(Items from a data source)
:::

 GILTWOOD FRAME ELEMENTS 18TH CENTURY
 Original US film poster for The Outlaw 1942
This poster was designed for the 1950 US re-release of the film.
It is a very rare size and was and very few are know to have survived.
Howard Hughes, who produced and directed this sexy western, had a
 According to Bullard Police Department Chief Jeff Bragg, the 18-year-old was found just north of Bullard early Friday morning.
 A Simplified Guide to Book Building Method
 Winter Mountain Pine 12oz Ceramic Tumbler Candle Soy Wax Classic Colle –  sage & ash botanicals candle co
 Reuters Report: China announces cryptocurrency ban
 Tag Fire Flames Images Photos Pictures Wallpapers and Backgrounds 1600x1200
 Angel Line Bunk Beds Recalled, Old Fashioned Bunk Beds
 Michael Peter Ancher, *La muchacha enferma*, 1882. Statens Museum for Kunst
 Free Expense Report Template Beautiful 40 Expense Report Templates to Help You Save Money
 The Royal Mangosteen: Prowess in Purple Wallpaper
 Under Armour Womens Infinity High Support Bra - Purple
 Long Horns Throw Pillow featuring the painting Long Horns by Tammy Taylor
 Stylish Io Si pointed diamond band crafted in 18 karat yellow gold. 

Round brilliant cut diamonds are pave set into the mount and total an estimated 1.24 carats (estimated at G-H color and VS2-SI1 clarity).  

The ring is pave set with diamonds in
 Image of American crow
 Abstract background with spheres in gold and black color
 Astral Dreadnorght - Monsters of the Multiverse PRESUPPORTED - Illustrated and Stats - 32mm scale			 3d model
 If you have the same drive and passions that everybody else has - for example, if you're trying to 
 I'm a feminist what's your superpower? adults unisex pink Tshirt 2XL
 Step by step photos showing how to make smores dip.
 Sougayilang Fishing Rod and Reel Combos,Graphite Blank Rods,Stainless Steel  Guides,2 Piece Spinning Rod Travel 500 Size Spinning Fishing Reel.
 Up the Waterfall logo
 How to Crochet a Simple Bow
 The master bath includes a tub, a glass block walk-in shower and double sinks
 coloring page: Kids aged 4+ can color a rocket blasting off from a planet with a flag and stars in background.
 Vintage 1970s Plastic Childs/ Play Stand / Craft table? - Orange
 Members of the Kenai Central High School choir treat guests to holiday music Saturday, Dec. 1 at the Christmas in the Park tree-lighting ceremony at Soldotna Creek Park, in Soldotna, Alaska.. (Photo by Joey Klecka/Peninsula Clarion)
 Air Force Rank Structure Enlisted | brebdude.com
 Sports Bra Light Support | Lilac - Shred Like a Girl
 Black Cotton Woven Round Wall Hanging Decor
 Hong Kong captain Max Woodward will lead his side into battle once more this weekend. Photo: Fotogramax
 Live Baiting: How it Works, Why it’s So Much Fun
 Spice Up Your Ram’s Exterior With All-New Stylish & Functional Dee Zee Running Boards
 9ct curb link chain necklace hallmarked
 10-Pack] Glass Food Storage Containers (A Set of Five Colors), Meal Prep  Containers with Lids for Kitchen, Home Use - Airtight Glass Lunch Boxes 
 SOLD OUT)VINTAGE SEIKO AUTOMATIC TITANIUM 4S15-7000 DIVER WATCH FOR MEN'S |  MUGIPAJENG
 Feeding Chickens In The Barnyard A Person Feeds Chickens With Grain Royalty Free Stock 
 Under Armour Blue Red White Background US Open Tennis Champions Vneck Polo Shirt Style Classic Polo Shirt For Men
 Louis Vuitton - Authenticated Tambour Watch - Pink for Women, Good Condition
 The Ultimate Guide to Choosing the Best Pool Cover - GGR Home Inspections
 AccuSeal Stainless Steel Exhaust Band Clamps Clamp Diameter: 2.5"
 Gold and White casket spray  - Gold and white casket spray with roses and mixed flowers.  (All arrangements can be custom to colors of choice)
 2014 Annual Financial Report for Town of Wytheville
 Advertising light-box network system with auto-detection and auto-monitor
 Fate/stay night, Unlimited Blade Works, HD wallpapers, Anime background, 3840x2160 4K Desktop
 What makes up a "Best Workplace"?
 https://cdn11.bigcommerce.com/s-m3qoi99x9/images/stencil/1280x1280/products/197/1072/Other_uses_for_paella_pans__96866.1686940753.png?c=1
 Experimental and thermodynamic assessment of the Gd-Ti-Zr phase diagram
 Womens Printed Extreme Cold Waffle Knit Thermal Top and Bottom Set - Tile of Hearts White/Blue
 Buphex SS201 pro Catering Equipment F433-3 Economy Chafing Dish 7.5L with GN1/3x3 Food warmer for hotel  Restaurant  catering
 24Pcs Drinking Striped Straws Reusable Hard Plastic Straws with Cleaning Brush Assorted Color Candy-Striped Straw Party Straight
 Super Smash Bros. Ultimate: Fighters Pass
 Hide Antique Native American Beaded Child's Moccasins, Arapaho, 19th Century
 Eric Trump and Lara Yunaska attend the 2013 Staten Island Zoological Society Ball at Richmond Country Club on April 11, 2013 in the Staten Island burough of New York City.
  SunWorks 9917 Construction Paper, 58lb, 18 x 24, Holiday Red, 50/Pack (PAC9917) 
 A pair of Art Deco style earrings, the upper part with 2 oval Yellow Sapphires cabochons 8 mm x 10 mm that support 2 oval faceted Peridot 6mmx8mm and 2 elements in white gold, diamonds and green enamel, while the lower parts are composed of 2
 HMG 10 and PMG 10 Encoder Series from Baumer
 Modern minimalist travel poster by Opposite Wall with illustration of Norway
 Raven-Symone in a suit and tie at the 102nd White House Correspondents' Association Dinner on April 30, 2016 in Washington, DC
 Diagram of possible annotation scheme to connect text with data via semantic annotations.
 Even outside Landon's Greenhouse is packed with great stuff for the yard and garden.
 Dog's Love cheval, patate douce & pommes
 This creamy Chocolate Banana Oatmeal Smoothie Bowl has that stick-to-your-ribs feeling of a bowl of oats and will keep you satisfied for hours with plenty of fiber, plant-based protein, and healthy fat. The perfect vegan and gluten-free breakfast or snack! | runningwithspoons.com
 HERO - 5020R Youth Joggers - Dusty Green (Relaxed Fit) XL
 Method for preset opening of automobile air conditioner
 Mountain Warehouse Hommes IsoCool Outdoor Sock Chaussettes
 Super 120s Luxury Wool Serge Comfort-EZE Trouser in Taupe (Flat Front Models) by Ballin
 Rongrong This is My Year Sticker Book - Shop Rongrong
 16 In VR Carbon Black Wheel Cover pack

:::

What is needed is an exact transcription of all the data.

◆ YOUR RESPONSE:
 GILTWOOD FRAME ELEMENTS 18TH CENTURY
 Original US film poster for The Outlaw 1942
This poster was designed for the 1950 US re-release of the film.
It is a very rare size and was and very few are know to have survived.
Howard Hughes, who produced and directed this sexy western, had a
 According to Bullard Police Department Chief Jeff Bragg, the 18-year-old was found just north of Bullard early Friday morning.
 A Simplified Guide to Book Building Method
 Winter Mountain Pine 12oz Ceramic Tumbler Candle Soy Wax Classic Colle –  sage & ash botanicals candle co
 Reuters Report: China announces cryptocurrency ban
 Tag Fire Flames Images Photos Pictures Wallpapers and Backgrounds 1600x1200
 Angel Line Bunk Beds Recalled, Old Fashioned Bunk Beds
 Michael Peter Ancher, *La muchacha enferma*, 1882. Statens Museum for Kunst
 Free Expense Report Template Beautiful 40 Expense Report Templates to Help You Save Money
 The Royal Mangosteen: Prowess in Purple Wallpaper
 Under Armour Womens Infinity High Support Bra - Purple
 Long Horns Throw Pillow featuring the painting Long Horns by Tammy Taylor
 Stylish Io Si pointed diamond band crafted in 18 karat yellow gold. 

Round brilliant cut diamonds are pave set into the mount and total an estimated 1.24 carats (estimated at G-H color and VS2-SI1 clarity).  

The ring is pave set with diamonds in
 Image of American crow
 Abstract background with spheres in gold and black color
 Astral Dreadnorght - Monsters of the Multiverse PRESUPPORTED - Illustrated and Stats - 32mm scale			 3d model
 If you have the same drive and passions that everybody else has - for example, if you're trying to 
 I'm a feminist what's your superpower? adults unisex pink Tshirt 2XL
 Step by step photos showing how to make smores dip.
 Sougayilang Fishing Rod and Reel Combos,Graphite Blank Rods,Stainless Steel  Guides,2 Piece Spinning Rod Travel 500 Size Spinning Fishing Reel.
 Up the Waterfall logo
 How to Crochet a Simple Bow
 The master bath includes a tub, a glass block walk-in shower and double sinks
 coloring page: Kids aged 4+ can color a rocket blasting off from a planet with a flag and stars in background.
 Vintage 1970s Plastic Childs/ Play Stand / Craft table? - Orange
 Members of the Kenai Central High School choir treat guests to holiday music Saturday, Dec. 1 at the Christmas in the Park tree-lighting ceremony at Soldotna Creek Park, in Soldotna, Alaska.. (Photo by Joey Klecka/Peninsula Clarion)
 Air Force Rank Structure Enlisted | brebdude.com
 Sports Bra Light Support | Lilac - Shred Like a Girl
 Black Cotton Woven Round Wall Hanging Decor
 Hong Kong captain Max Woodward will lead his side into battle once more this weekend. Photo: Fotogramax
 Live Baiting: How it Works, Why it’s So Much Fun
 Spice Up Your Ram’s Exterior With All-New Stylish & Functional Dee Zee Running Boards
 9ct curb link chain necklace hallmarked
 10-Pack] Glass Food Storage Containers (A Set of Five Colors), Meal Prep  Containers with Lids for Kitchen, Home Use - Airtight Glass Lunch Boxes 
 SOLD OUT)VINTAGE SEIKO AUTOMATIC TITANIUM 4S15-7000 DIVER WATCH FOR MEN'S |  MUGIPAJENG
 Feeding Chickens In The Barnyard A Person Feeds Chickens With Grain Royalty Free Stock 
 Under Armour Blue Red White Background US Open Tennis Champions Vneck Polo Shirt Style Classic Polo Shirt For Men
 Louis Vuitton - Authenticated Tambour Watch - Pink for Women, Good Condition
 The Ultimate Guide to Choosing the Best Pool Cover - GGR Home Inspections
 AccuSeal Stainless Steel Exhaust Band Clamps Clamp Diameter: 2.5"
 Gold and White casket spray  - Gold and white casket spray with roses and mixed flowers.  (All arrangements can be custom to colors of choice)
 2014 Annual Financial Report for Town of Wytheville
 Advertising light-box network system with auto-detection and auto-monitor
 Fate/stay night, Unlimited Blade Works, HD wallpapers, Anime background, 3840x2160 4K Desktop
 What makes up a "Best Workplace"?
 https://cdn11.bigcommerce.com/s-m3qoi99x9/images/stencil/1280x1280/products/197/1072/Other_uses_for_paella_pans__96866.1686940753.png?c=1
 Experimental and thermodynamic assessment of the Gd-Ti-Zr phase diagram
 Womens Printed Extreme Cold Waffle Knit Thermal Top and Bottom Set - Tile of Hearts White/Blue
 Buphex SS201 pro Catering Equipment F433-3 Economy Chafing Dish 7.5L with GN1/3x3 Food warmer for hotel  Restaurant  catering
 24Pcs Drinking Striped Straws Reusable Hard Plastic Straws with Cleaning Brush Assorted Color Candy-Striped Straw Party Straight
 Super Smash Bros. Ultimate: Fighters Pass
 Hide Antique Native American Beaded Child's Moccasins, Arapaho, 19th Century
 Eric Trump and Lara Yunaska attend the 2013 Staten Island Zoological Society Ball at Richmond Country Club on April 11, 2013 in the Staten Island burough of New York City.
  SunWorks 9917 Construction Paper, 58lb, 18 x 24, Holiday Red, 50/Pack (PAC9917) 
 A pair of Art Deco style earrings, the upper part with 2 oval Yellow Sapphires cabochons 8 mm x 10 mm that support 2 oval faceted Peridot 6mmx8mm and 2 elements in white gold, diamonds and green enamel, while the lower parts are composed of 2
 HMG 10 and PMG 10 Encoder Series from Baumer
 Modern minimalist travel poster by Opposite Wall with illustration of Norway
 Raven-Symone in a suit and tie at the 102nd White House Correspondents' Association Dinner on April 30, 2016 in Washington, DC
 Diagram of possible annotation scheme to connect text with data via semantic annotations.
 Even outside Landon's Greenhouse is packed with great stuff for the yard and garden.
 Dog's Love cheval, patate douce & pommes
 This creamy Chocolate Banana Oatmeal Smoothie Bowl has that stick-to-your-ribs feeling of a bowl of oats and will keep you satisfied for hours with plenty of fiber, plant-based protein, and healthy fat. The perfect vegan and gluten-free breakfast or snack! | runningwithspoons.com
 HERO - 5020R Youth Joggers - Dusty Green (Relaxed Fit) XL
 Method for preset opening of automobile air conditioner
 Mountain Warehouse Hommes IsoCool Outdoor Sock Chaussettes
 Super 120s Luxury Wool Serge Comfort-EZE Trouser in Taupe (Flat Front Models) by Ballin
 Rongrong This is My Year Sticker Book - Shop Rongrong
 16 In VR Carbon Black Wheel Cover pack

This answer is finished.